Closed BhaktiDwivedi closed 3 years ago
Hi!
Is there any demo of what the above code does? I'm not sure if I get the "interactive" thing right.
You can certainly put scattermore into interactive tools (eg. with shiny) and generate plots from new data (I did that in several projects already); brushing works as with normal plots. OTOH I'm not sure scattermore will be able to display various animated contents and tooltips -- it's just a rasterizer. I've got some code for displaying the cells quickly in WebGL that might be developed to support this feature (actually a predecessor of scattermore.. :D ); if you're interested I can try to find it.
Thank you for your prompt response!
Here is the link... https://bbisr.shinyapps.winship.emory.edu/ClusterViewer/. This is what I am trying to achieve.
To reduce the time it takes to build and print plotly, I am displaying (pre-generated) saved html images htmlwidgets::saveWidget(as_widget(p), file=paste0("www/", sample_collection[i], "_", study_subjects[j], ".html"))
for any combination of datasets. Loading html images help but still not as fast as I would have hoped.
However, for the "gene look up" option I have to build and generate the plotly scatterplot given the user-input (e.g., TP53). It is slow... and the chunk of the time goes into printing/loading the R plotly. What other alternatives I can try to speed up this R plotly code? Appreciate any suggestions. Thank you.
How many cells (roughly) do you want to have there? That's probably a central question for performance here.
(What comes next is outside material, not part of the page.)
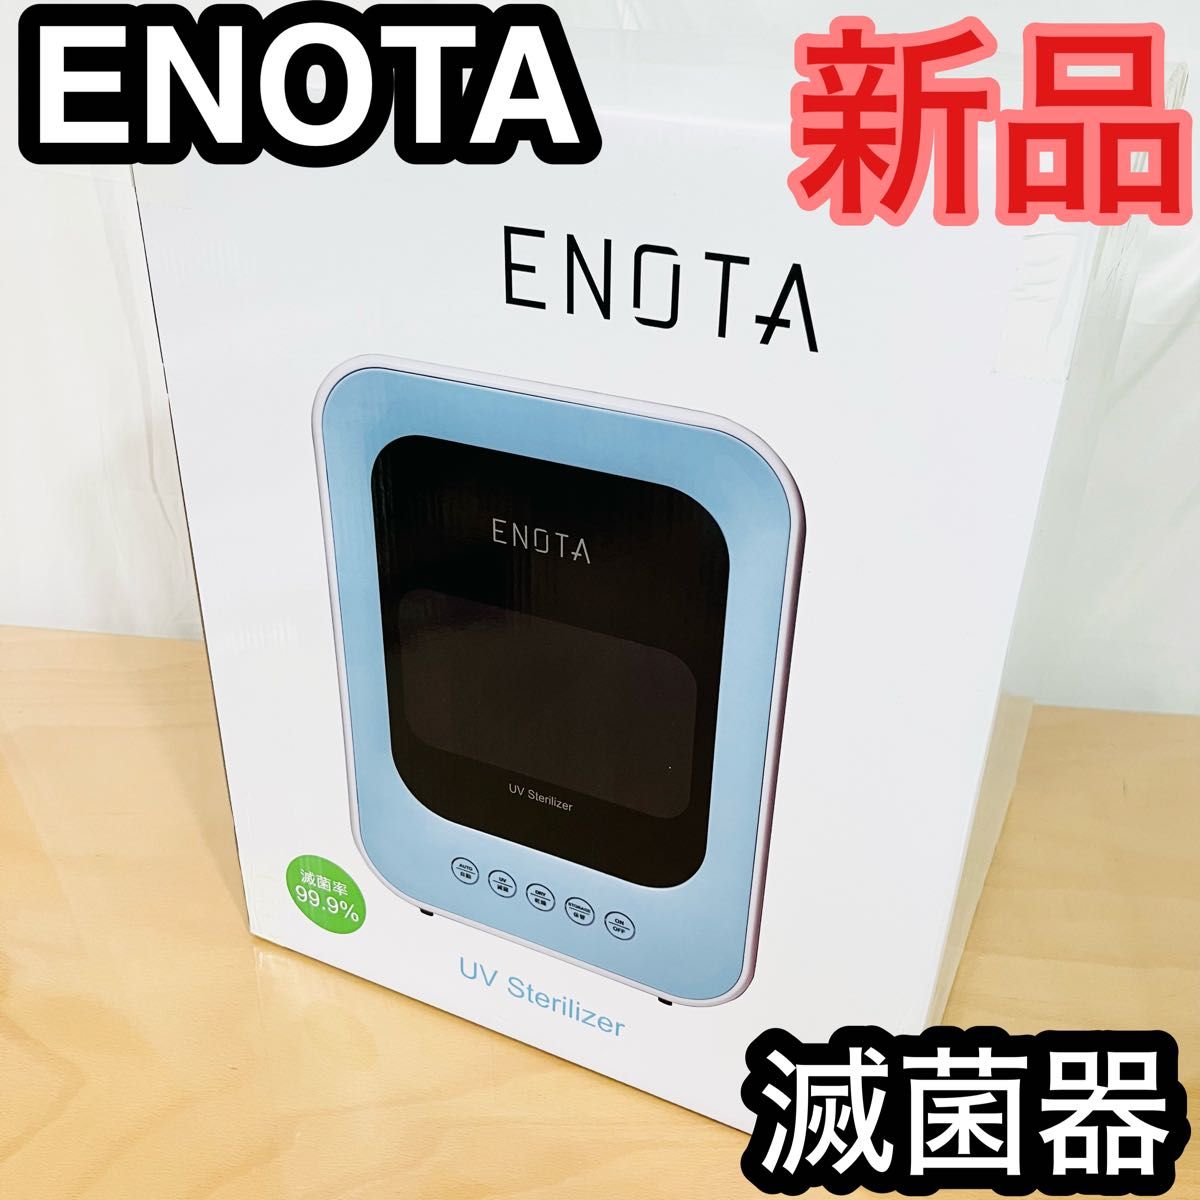 ENOTA 紫外線殺菌機 滅菌率99.9 UVランプ 消毒+熱風乾燥 2つの機能16 L大容量 殺菌線消毒保管庫

Anyway, scattermore won't help much here -- it can generate the raster to display, but there is no way to easily represent the cell origin information so that it's interpretable by the browsers to "know" where the mouse pointer is actually pointing. I recommend you try some libraries like d3.js
or paper.js
, or perhaps WebGL.
I have about ~200,000 cells for the largest data set. I will check these libraries. Thank you for your help!
that should be doable with some basic WebGL even interactively.
I've once implemented one similar thing (a faster remake of sleepwalk), here: http://e-x-a.org/stuff/sleepwalk.html (hover the cells and use the mousewheel) Feel free to download the code and extract the rendering javascript, or build on it, it's in public domain now.
Thank you so much for sharing! Appreciate it.
We're likely not going to have interactive scattermore, hope the links above helped a bit. Closing this for now :]
It was helpful and motivating. Thank you! I just have to learn javascript/ds.js to improve my code and visualization :)
Great! Feel free to reopen/share if you find some easy way to make it work
Thank you for developing the scattermore. I find it very useful. Is it possible to generate an interactive scattermore plot? (something in lines to plotly). My data consists of ~ million data points and plotly function takes a while to plot. I would really like to speed up the plotting function especially the time it takes the plotly to load/print the plot.
For example, I have the below plotly function written in R:
` bins <- length(unique(df[["exp"]])) exp_col <- colorRampPalette(c('khaki','darkred'))(bins)
p <- plot_ly(df, x = ~x, y = ~y, color = ~exp, colors = exp_col, marker = list( symbol = "circle", size = 6, opacity = 0.40, mode = "markers", line = list(color = ~exp, colors = exp_col, width=0.5) ), width = 1300, height = 900, type = "scattergl", mode = "markers", hoverinfo = "text", text = ~updated_info, hoverlabel = list(font=list(size=15))) %>% layout( xaxis=list(title="UMAP_1", zeroline=F), yaxis=list(title="UMAP_2", zeroline=F), showlegend = TRUE, legend = list(font = list(size = 14)))
system.time(print(p)) user system elapsed 3.402 0.350 3.754 `
Appreciate any help and suggestions. Thank you.